It will be seen that these processes ensure that the rod 14 will be axially and laterally aligned with the port 64 even in difficult environments. This satisfies the third and fifth of the important features listed. The three described events that occur in combination ensure that the clip 54 does not move in a position that would block the port 64. This prevents the coupling from jamming due to a misalignment of the rod relative to the clip during the insertion of the rod. 14 at port 64. This satisfies feature number 6. The progressive nature of the axial alignment ensures that the coupling is easily connected and therefore highly resistant to jamming in the event of misalignment of the rod 14 at port 64. This satisfies characteristic number four. The easy nature of the connection process and the reliable movement of the clip 54 in its proper position leads to a coupling that tolerates deviations from dimensions found in normal manufacturing processes. This allows the required insertion force to be consistent between sibling couplings. This satisfies characteristic number two.

Finally, the satisfaction of the number one feature is facilitated by the self-aligning feature of this invention, reducing the opportunity for the various interactions of the port 64 parts with the pieces of the rod 14 to affect the insertion force. This leads to the insertion force being mainly the result of the interaction of the first round seal 42 with the second transition branch 46 for compressing the first round seal 42 and sliding it along the surface of the second transition ramp 46, of the interaction with the seal and with the clip 54 with the ramp which rotates on its axis 77 to expand the clip 54 and slide it along the surface of the ramp that rotates on its axis 77 and the interaction of the clip.

At present reference is made to the distance over the port between the point where the first round seal 42 first contacts the second transition ramp 46 and the point where the ramp that rotates on its axis 77 first makes contact with the ring. retention 54, at the time of insertion of the hose stem as the peak distance of the port. At present reference is made to the distance on the male portion of the connection 66 of the rod 14 between the point where the first round seal 42 first contacts the second transition ramp 46 and the point where the ramp rotates on its axis First, the retention ring 54 was counted at the time of the insertion of the hose stem as the peak distance of the rod. Specified in this embodiment, the peak distance of the port is less than the peak distance of the stem by an amount that separates the times when the interaction of the seal and the interaction of the clip occurs. This eliminates the added effect on the required insertion force caused by the seal interaction that occurs simultaneously with the clip's interaction.
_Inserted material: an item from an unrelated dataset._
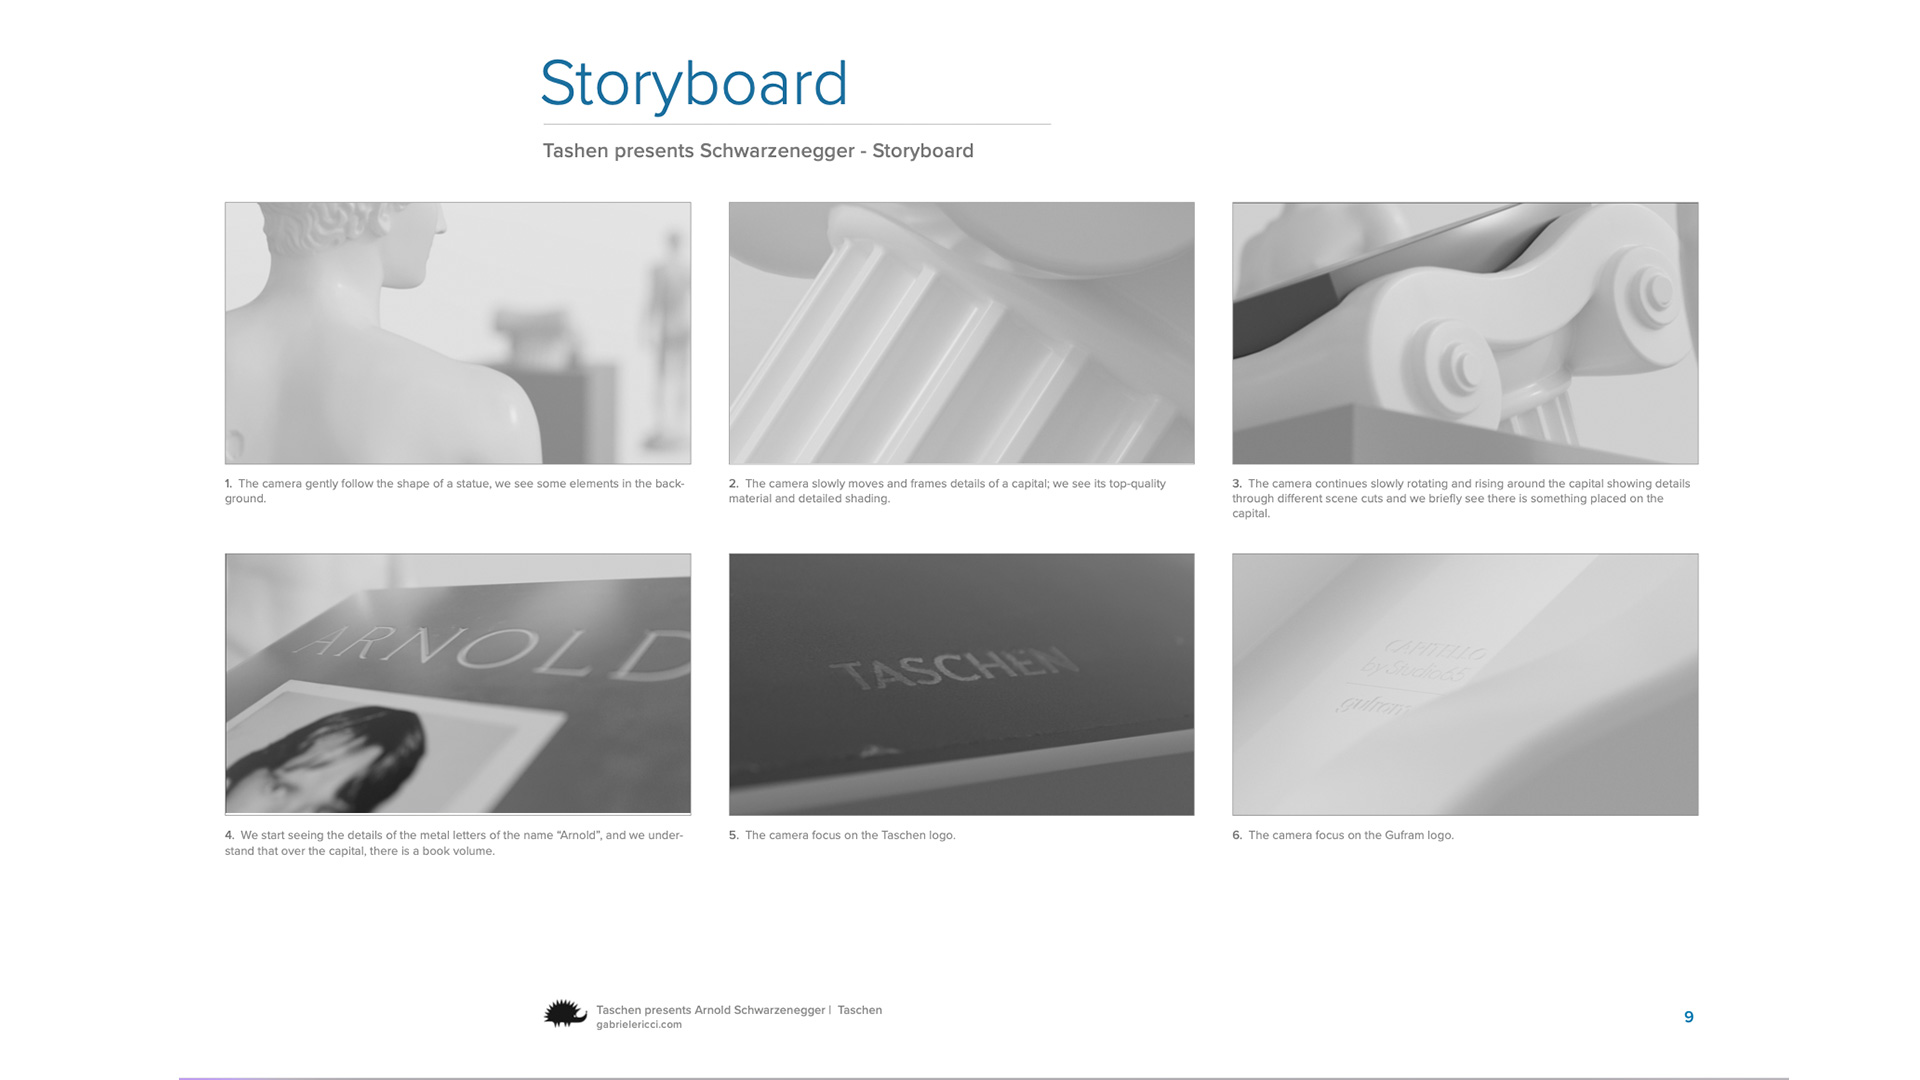 The storyboard of the 3D video

This does not reduce the overall amount of energy required to make the connection. However, it reduces the peak force required that is greater, either the required force caused by the interaction of the seal or the force required by the interaction of the clip. This can mean the difference between successfully completing the connection in an unfavorable environment or having a connection that simply can not be to complete. Even more significantly, you can avoid a partially completed connection that can later be disconnected with disastrous results.

Preferably, the shank of the sleeve 14 is provided with a residue barrier 84 which is aligned with the end of the nut 24 when the shank 14 is in the assembled position. This structure provides a visual indication that the end of the hose has been pushed into the reinforced body in an amount sufficient to cause the first round seal 42 and the clip 54 to be properly engaged. further, the barrier against residues 84 acts as a front stop for the splint and prevents certain debris from entering the reinforced body 12. The reduction of waste entry is increased mainly by the presence of the second round seal 80 in the rear groove of the round ring 82. The second round seal 80 seals the opening that could otherwise exist at the interface between the cylindrical supporting follower surface 92 and the rear cylinder 35 at the time of the union of the shank 14 with the reinforced body 12.
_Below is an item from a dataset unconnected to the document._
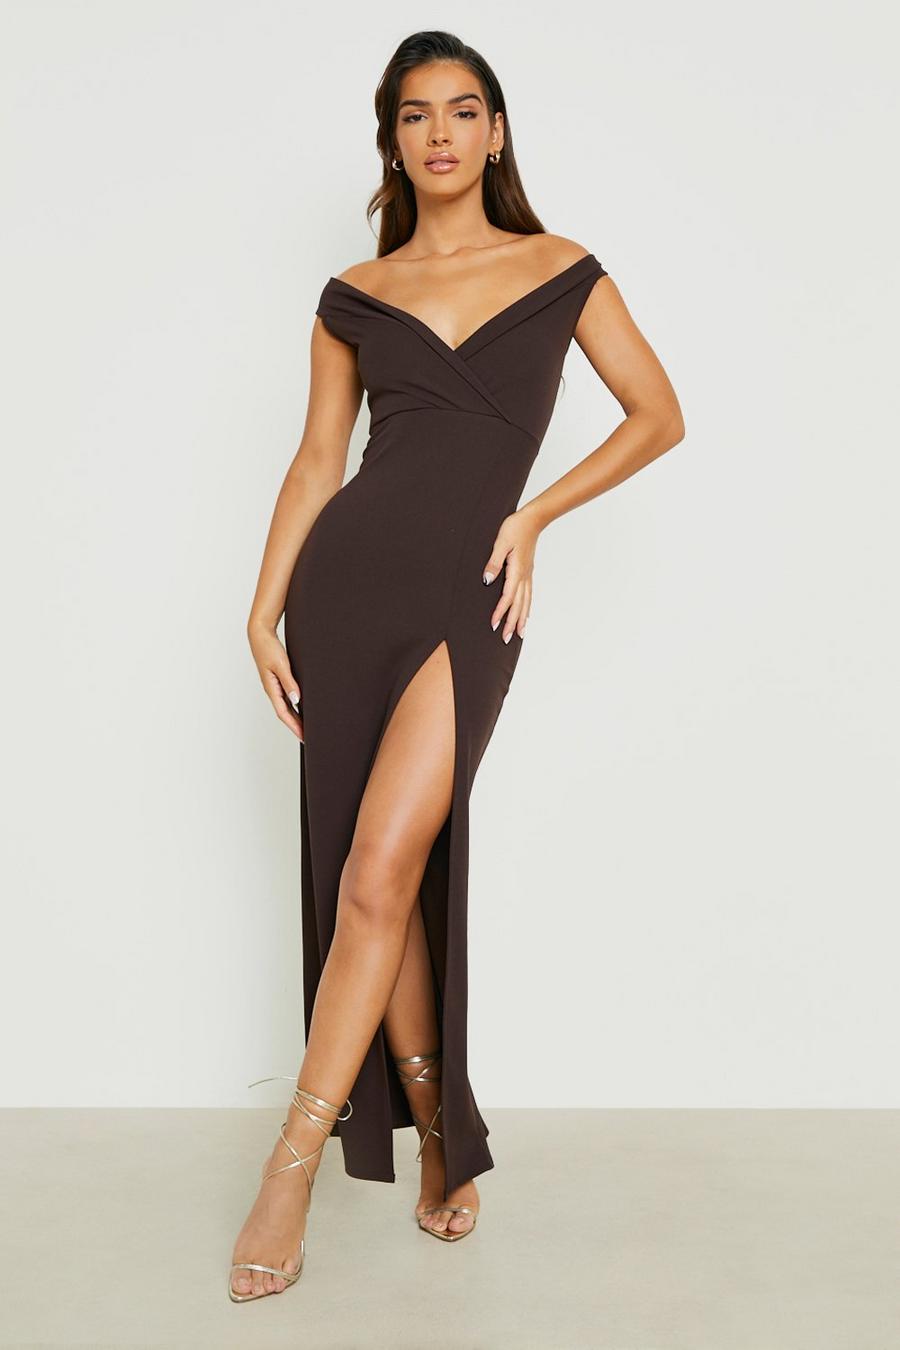 Chocolate brown Wrap Off The Shoulder Maxi Bridesmaid Dress

With this embodiment it is possible to remove the stem 14 from the adapter 16 by unscrewing the nut 24 of the adapter 16 and reinstall the stem 14 by screwing the nut 24 back into the adapter 16. Therefore the embodiment described can be assembled and disassembled without removing adapter 16 of the accessory, machinery or associated equipment. However, during the first assembly, the shank 14 is installed only by pressing it on the adapter 16. As mentioned above, the port 64 can also be formed on the reinforced body 12 with all the elements of the adapter 16 and the nut 24 with exception of the intermediate threads between these. In this configuration, the withdrawal and reconnection of the rod 14 involves unscrewing and screw the armed body 12 onto the accessory, machinery or associated equipment, respectively. Also as mentioned above, port 64 can be formed directly in the accessory, machinery or equipment. When so formed, disconnection is not allowed.

It should be noted that there is the freedom of a relative rotation between the assemblies of the end of the hose and the armed bodies in all incorporations. This relative rotation allows the nut 24, or the reinforced body 12, as the case may be, to rotate for the disassembly of the quick coupling 10 without corresponding rotation of the associated hose. Similarly, the hose can be rotated relative to the body 12 when necessary for installation in confined spaces.
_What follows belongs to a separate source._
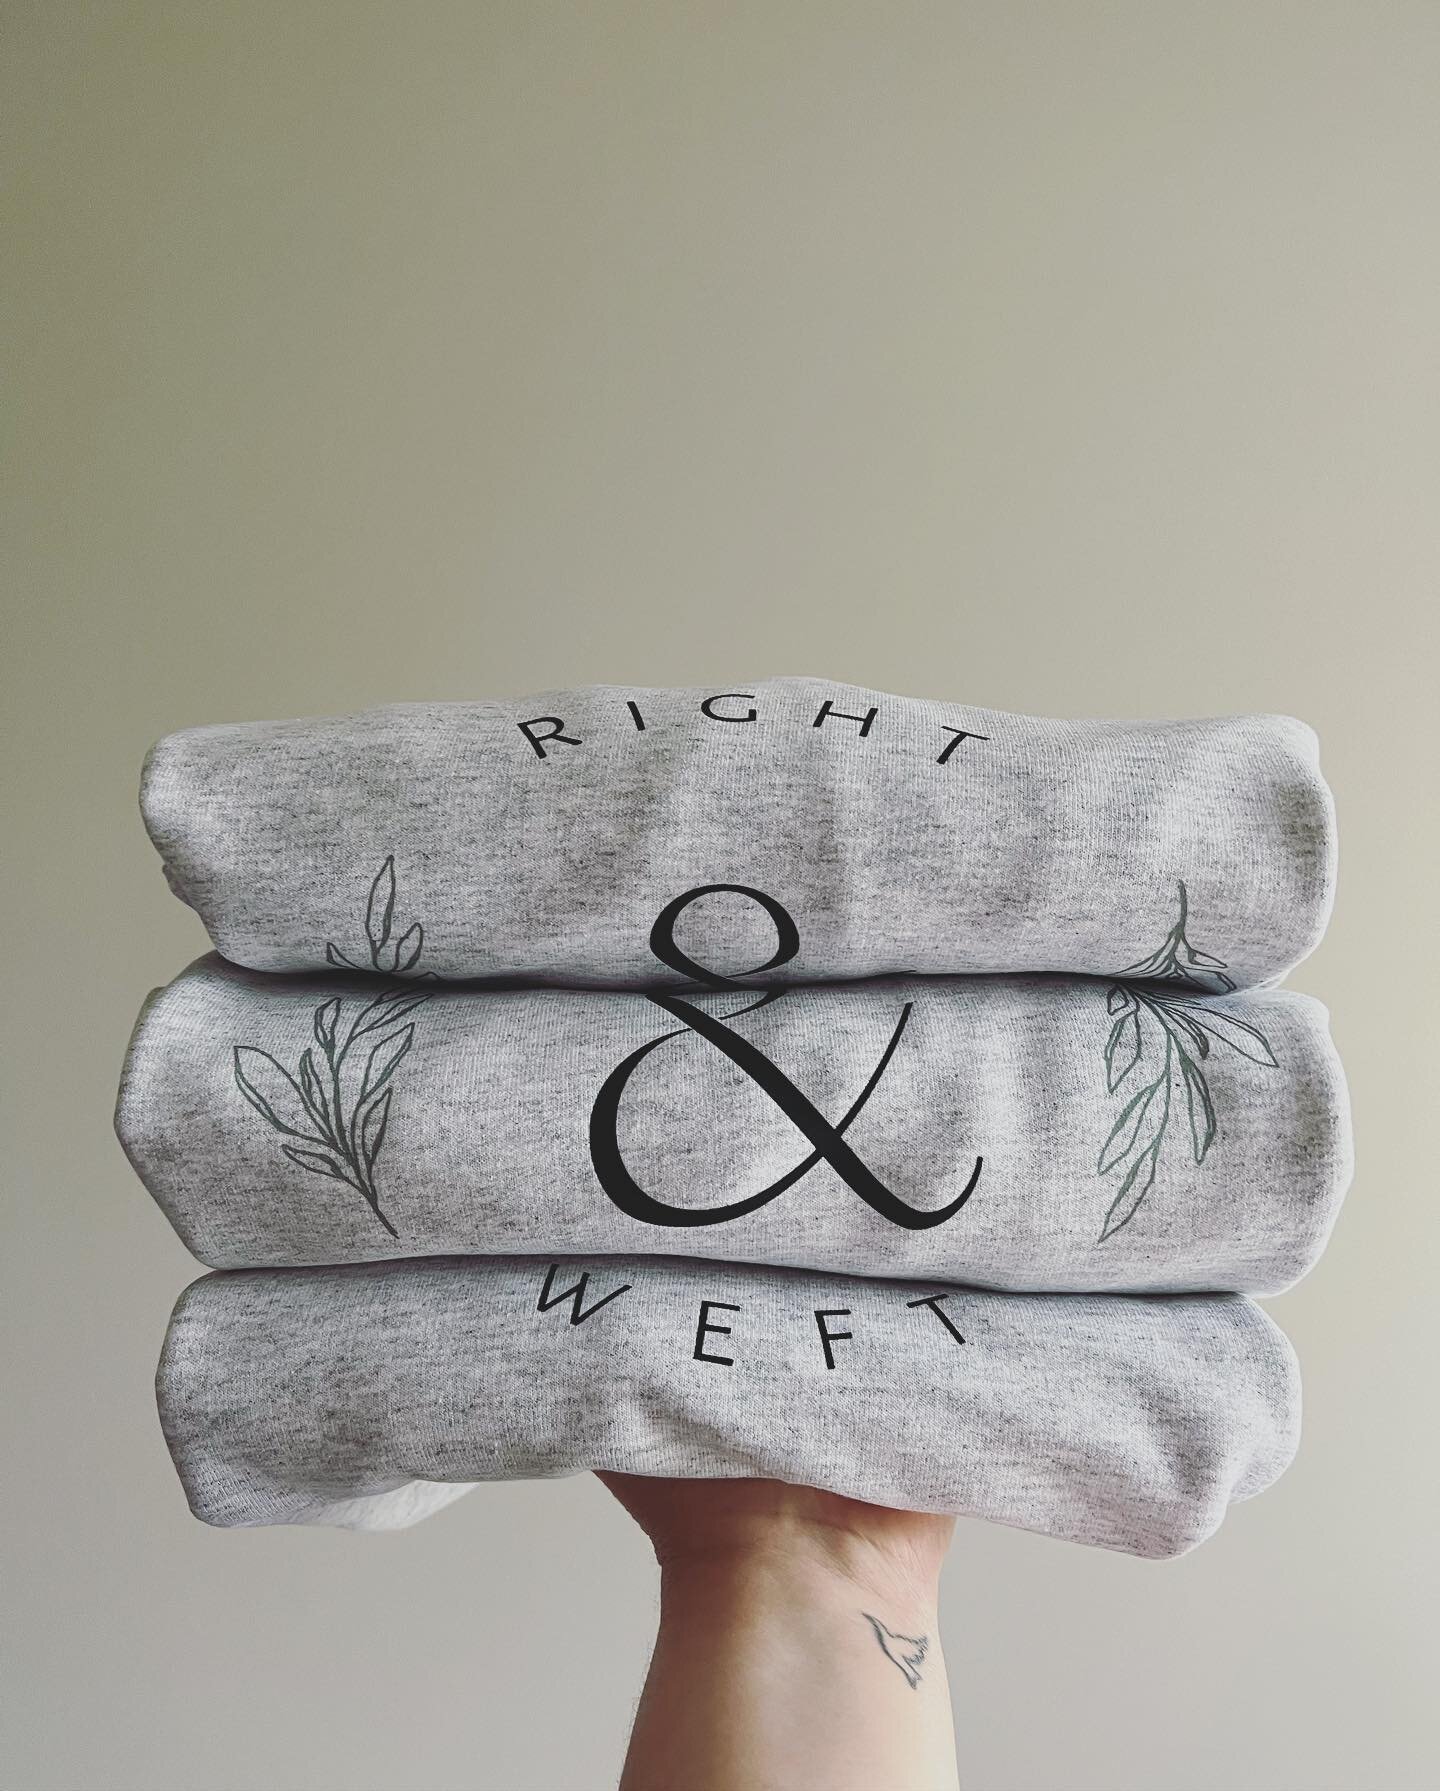 I can&rsquo;t believe I never posted these! Check out these beautiful crewnecks I made for my friend Anna @rightandweft. Her logo is so pretty and delicate! I just saw Anna at a market and she is always wearing her branded apparel - clever marketing

The above description and the illustrated embodiments of this invention are shown in the drawings and are described in detail in various modifications and alternative embodiments. However, it should be understood that the above description of the invention is only by way of example, and that the scope thereof will be limited only to the claims that are interpreted in view of previous applications. Still further, the invention which is disclosed herein in illustrated form can be practiced suitably in the absence of any element that has not been specifically disclosed.

Claims (1)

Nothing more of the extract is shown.